Danielle Honigstein
I actually didn’t know what programming was before I arrived at university. I knew since I was 8 that I wanted to be a physicist, because I asked a lot of questions, and at some point I started asking “What do I need to learn to know the answer to this question…?” and the answer was always “Physics”. And in high school (only girl out of 11 in physics ) I discovered lasers.
Lasers are cool.
So obviously I wanted to learn physics. I considered Physics and Music, but in the end I decided on Physics and Computer Science, because I figured programming would be very useful as a physicist. And slowly I became more and more hooked.
The epiphany came somewhere in the middle of my PhD in Applied Physics. I had been working as a programmer for a few years by then, and after spending roughly 3 months aligning the *@#$ system for my experiment in physics I realized that I actually enjoy programming more. You get a result so fast. It might not be the result you want, but at least you get feedback quickly. And you can create almost anything, from a mobile app for research to an abstract video.

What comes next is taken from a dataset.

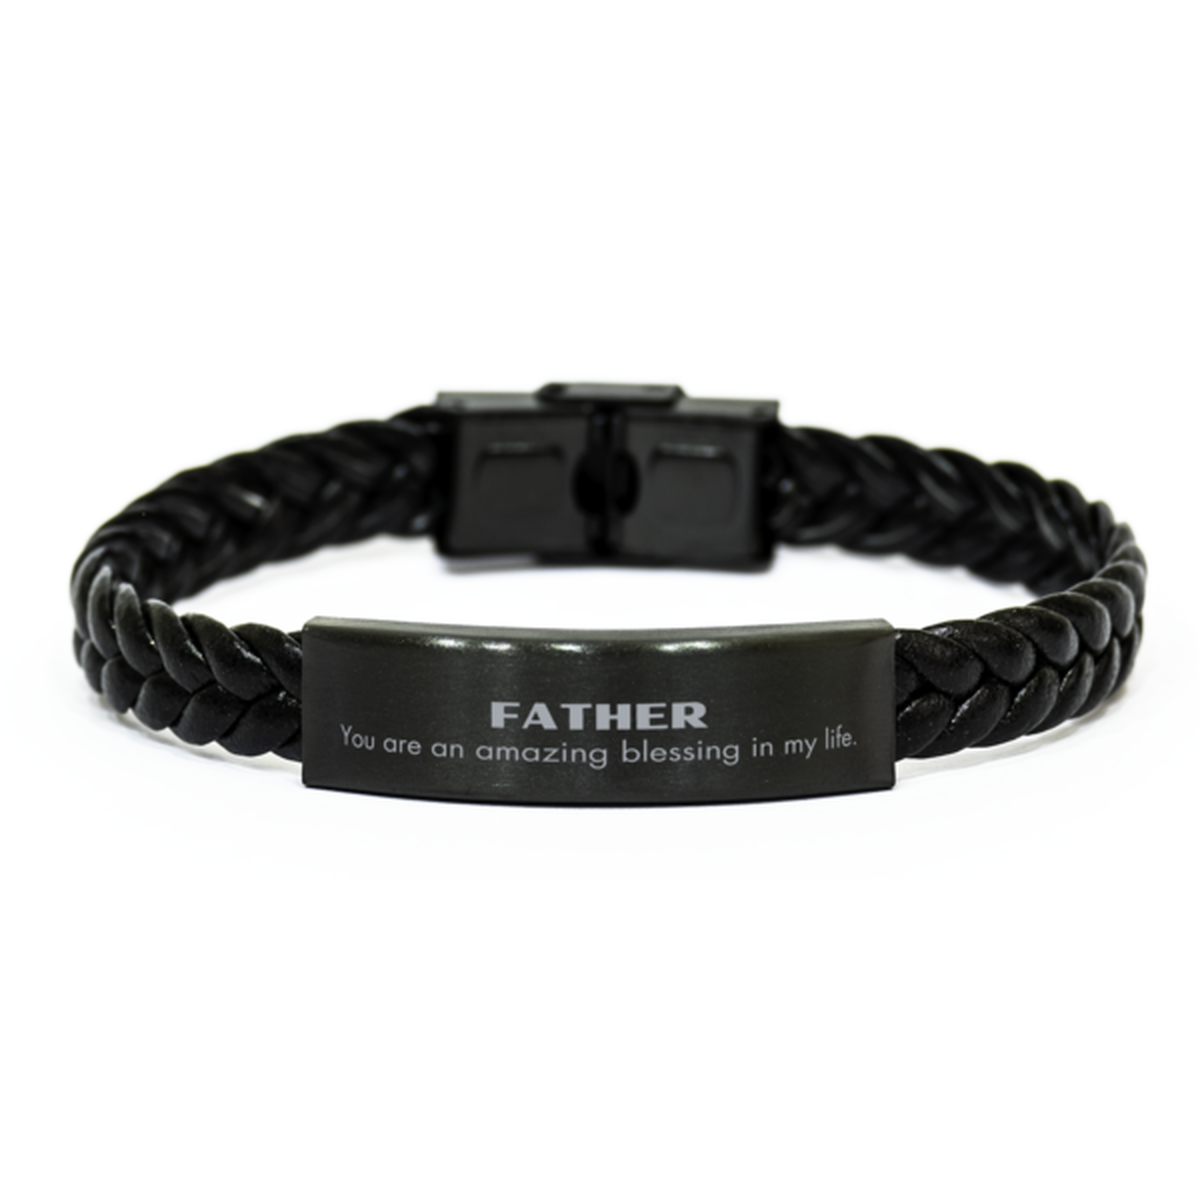 Father Braided Leather Bracelet, You are an amazing blessing in my life, Thank You Gifts For Father, Inspirational Birthday Christmas Unique Gifts For Father

So I started working as a physicist and programmer, and then I programmed for physicists, and now I’m programming for (mostly) neurobiologists at the Olfaction Lab at the Weizmann Institute of Science.
I also play sing and play the piano. I have some songs in YouTube, most of them with videos at least partially done in Processing. The site also has p5.js sketches, all my sketches are free for commercial and personal use with attribution (BSD 3-clause license).
I’m also a (mostly) mobile programmer at Sniff Logic, where we turn nasal airflow into communication and information.
I taught Computer Science at a high school for two years, and I loved teaching. When I’ll have the time for it I will probably go back to it.
I’m married with 3 awesome kids.
I program in Flutter, Android (Java), Swift, Drupal (HTML, JavaScript, css, PHP, yml), LabVIEW, Matlab, Arduino (C), Python, Processing (Java), Unity, C (for embedded firmware) and I probably forgot something .
In this blog I’ll highlight anything that strikes me as interesting. Come join me, we’ll have fun.